Lembro de uma aula da faculdade no estilo de videoconferência. A matéria era algo como Comunicação Empresarial. O professor era fera na área dele, mas pensa num cara chato de ouvir e bom pra fazer dormir! Depois de duas ou três aulas, a direção trocou o docente por outro bem melhor de ouvir, interagir e ficar acordado (a aula era à noite).

Ninguém precisa ser um showman ou fazer da sua casa um espetáculo para atrair audiência e elogios. O que eu quero dizer é que precisamos aceitar a comunicação como uma necessidade, inclusive profissional e institucional, e uma aliada nos tempos de hoje. No contexto do home office, temos que ser mais hábeis para compensar a perda do sentido de presença física nas relações.

Currículo Lattes não é suficiente para a ciência sobreviver, vide toda a luta da comunidade acadêmica nos últimos anos. Em entrevista para a UnBTV, o novo presidente da Sociedade Brasileira Para o Progresso da Ciência (SBPC), Renato Janine Ribeiro, disse que a ciência precisa conquistar a opinião pública. O recado foi dado: sem poder de convencimento e diálogo eficiente com a sociedade, não há pesquisa, não há bolsas, não há dinheiro nas universidades, não há periódico para publicar, não há campo científico. E essa conquista sobre a qual comentou o ex-ministro da Educação passa, necessariamente, por estratégias planejadas e eficientes de comunicação.

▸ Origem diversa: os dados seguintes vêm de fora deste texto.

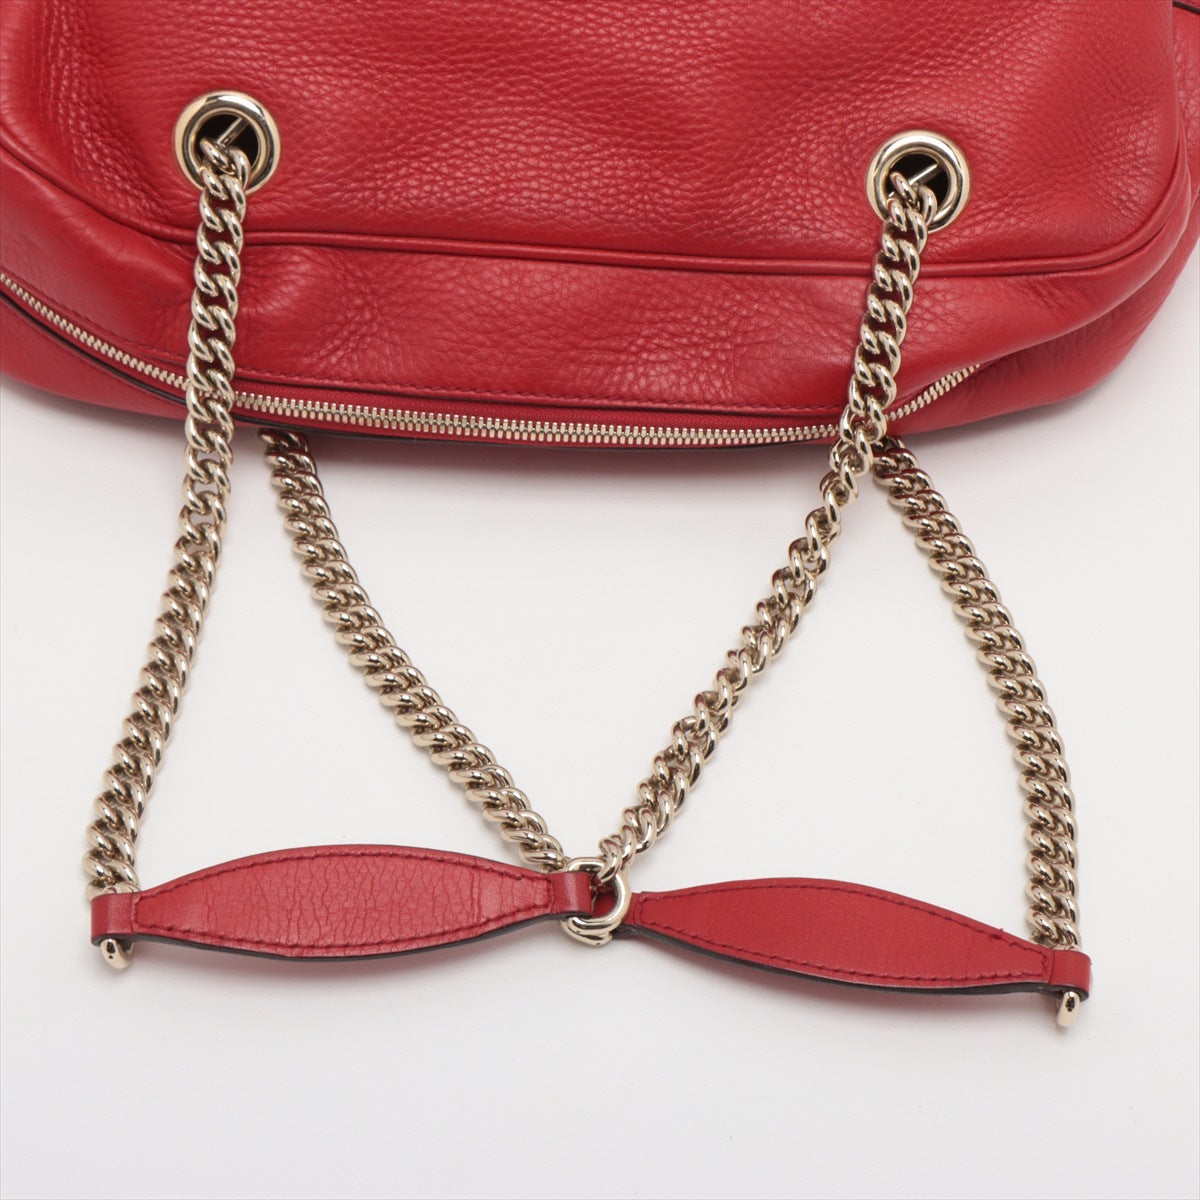 Gucci Soho Leather Chain shoulder bag Red 353126

Um bom músico, por exemplo, até pode usar sandálias Havaianas nos ensaios, mas na hora do show de verdade veste o melhor figurino, usa os melhores recursos cenográficos disponíveis porque respeita o público e entende o que é o fenômeno da apresentação cultural, o quanto aquilo é importante para o seu trabalho e o quanto é capaz de influenciar a sociedade, ainda que não seja possível quantificar – e nem é necessariamente desejável a metrificação.

E a academia, está consciente da importância dos momentos de contato com a sociedade, da nobreza da sua participação em atividades de divulgação científica? Todos nós somos responsáveis pela construção desse processo de diálogo, ainda que não nos demos conta, ainda que não acreditemos que exista esse fluxo, ainda que queiramos ficar só nos laboratórios. É importante levar a comunicação sobre a ciência a um alto nível, de forma estratégica, eficiente, interessante, de maneira objetiva, clara e adequada aos públicos, aos meios e aos novos tempos. Na cozinha, nem o coffee break, que geralmente fica no hall.

(*) Bruno Lara é jornalista da UnBTV e pesquisador de pós-doutorado em Ciência da Informação pela UnB.